Convinced that he could not eat lunch while wearing a Band-Aid, Bean persuaded his parents to remove it from his finger.

“Okay, but that’s it – once the Band-Aid is off you don’t need a new one again. We can’t keep taking them off and getting new ones all day,” admonished the father.

The finger was inspected and all parties agreed that it looked much better. Maybe no one was thinking straight; maybe they were all weakened from the morning’s ordeal. We shall never know for certain. But what happened next was enough to test the mettle of even the most battle-hardened warrior.

Bean ate an orange.

No one witnessed the acidic juice of the orange slowly creeping down Bean’s finger. No one noticed as it edged closer and closer to the hard-to-see-but-most-definitely-still-there wound. And then it made contact. Bean’s eyes widened; his mouth opened. As if in slow motion, he dropped the orange and raised his hand.
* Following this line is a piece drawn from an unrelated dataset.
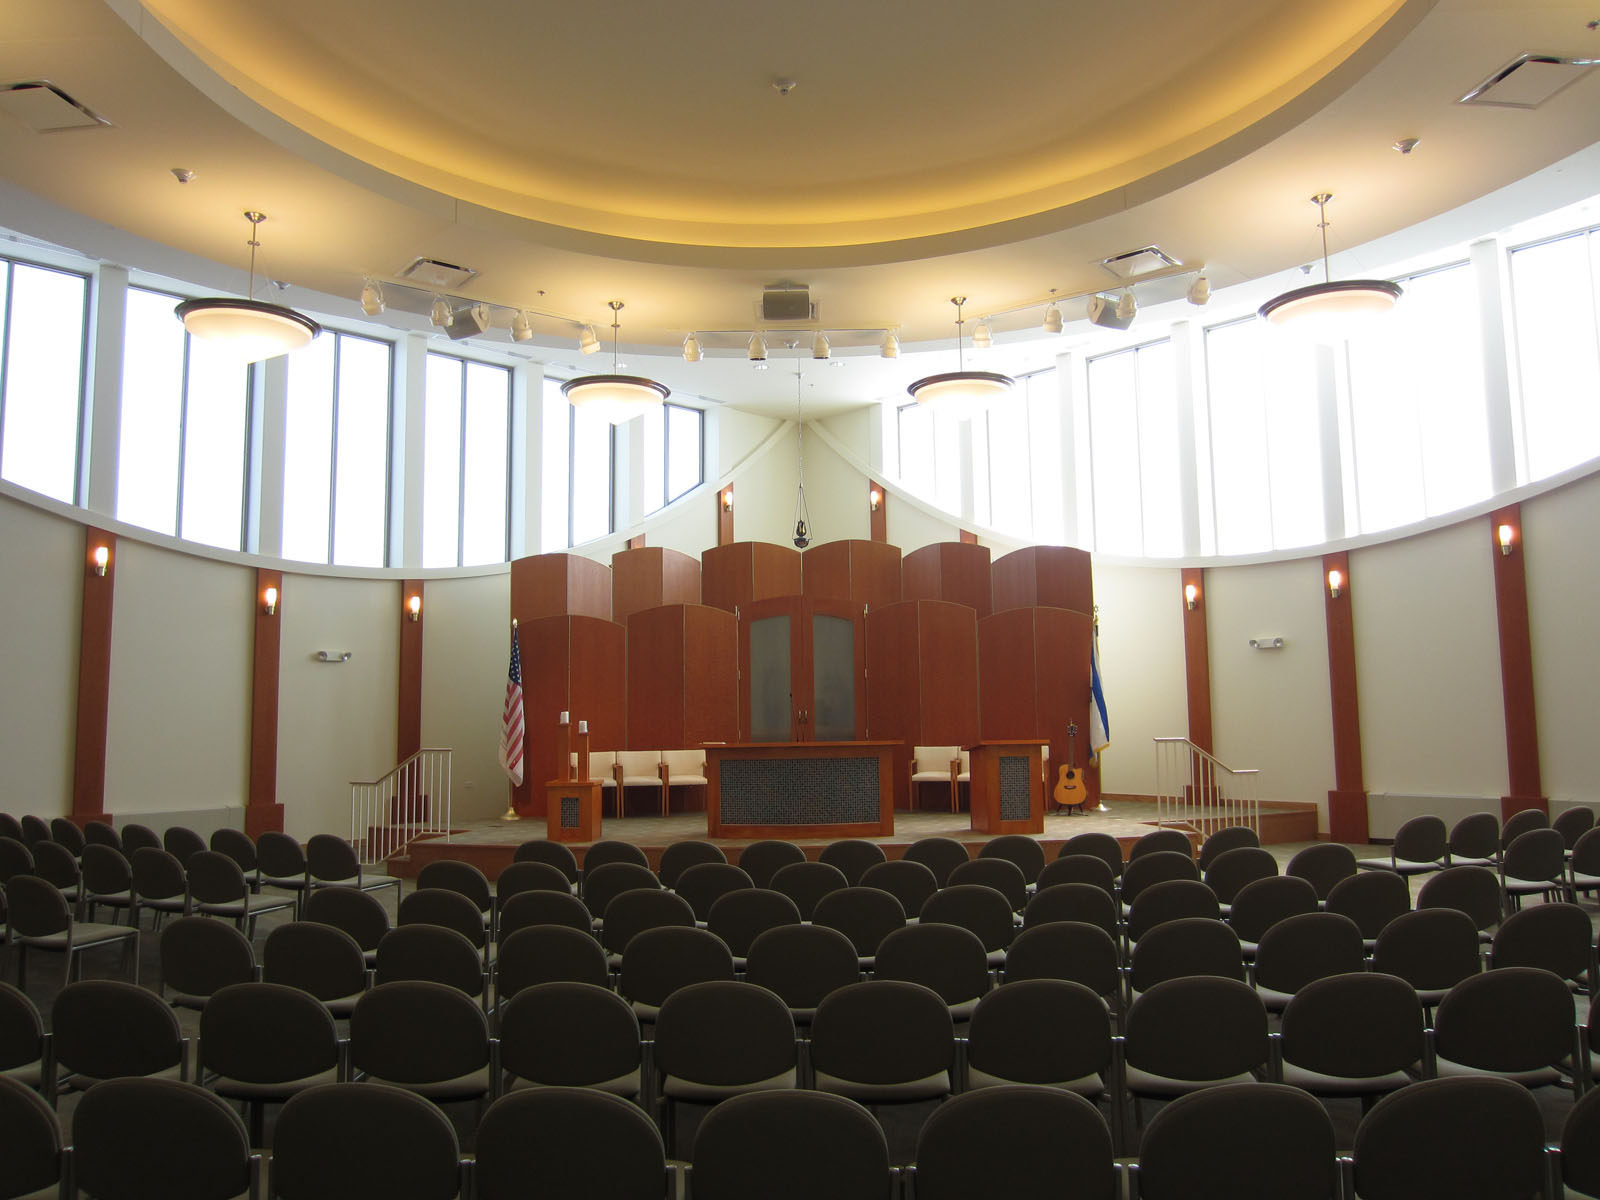 Chicago Religious Or Shalom Synagogue Interior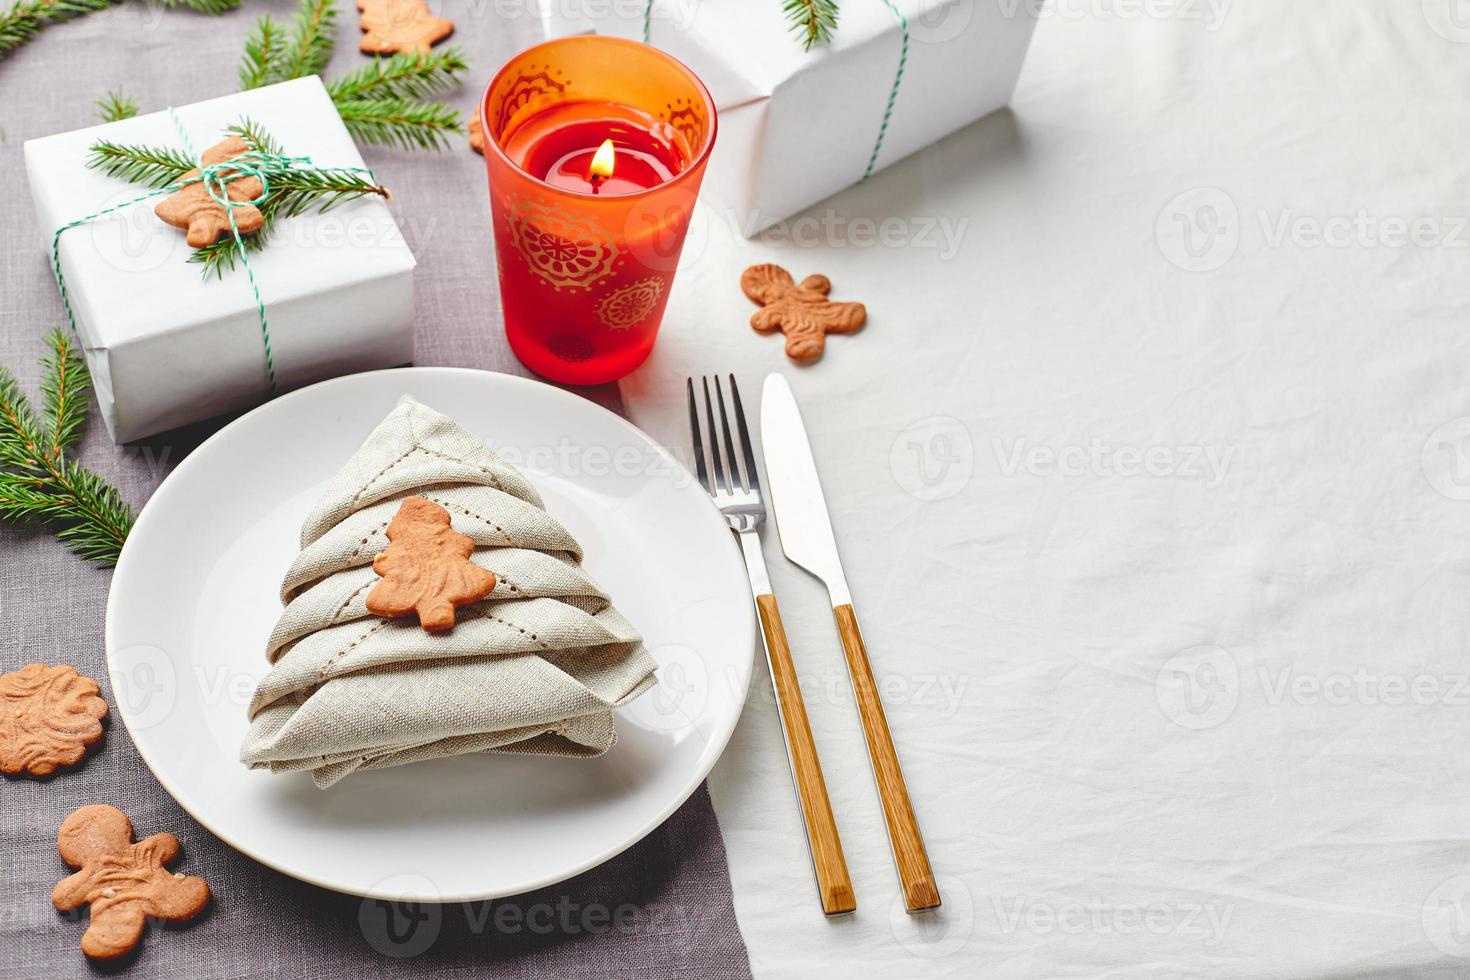 servett i de form av en jul träd på en tallrik på vit bordsduk med gåvor och dekorationer med gran kvistar och pepparkaka småkakor foto

“Noooo! Owwwww! Owowowowowwww!”

His parents looked at the orange and looked at each other, realizing their gargantuan mistake. Why had they given him an orange, of all fruits? Why had they taken off the Band-Aid, that thin layer protecting the fearsome gash from the cruel elements? What could they have been thinking? They rushed Bean to the sink, over his protests, foolishly thinking that rinsing away the orange juice from the finger would help. As cold water hit aggravated wound, the suffering toddler could not contain his screams at this fresh torment.

“It hurt! It hurt! Water don’t help!”

The poor, suffering boy was too far gone. He had endured too much. Nothing could help him now. Nothing except… a new Band-Aid.

“Car?”

“No, airplane. No, car. No… airplane. Airplane can do the job.”

As Bean climbed off the bathroom counter where first-aid had been administered, he looked back at his parents, a single tear glistening on his perfect cheek.

“Thanks guys,” he said, a little gruffly. “I go play now.”

Back to work, like nothing had ever happened. His parents watched in awe, inspired by the sheer grit and tenacity of this brave tyke, who had traversed to the brink of defeat and back again to overcome in one short day that most horrendous of injuries: the paper cut.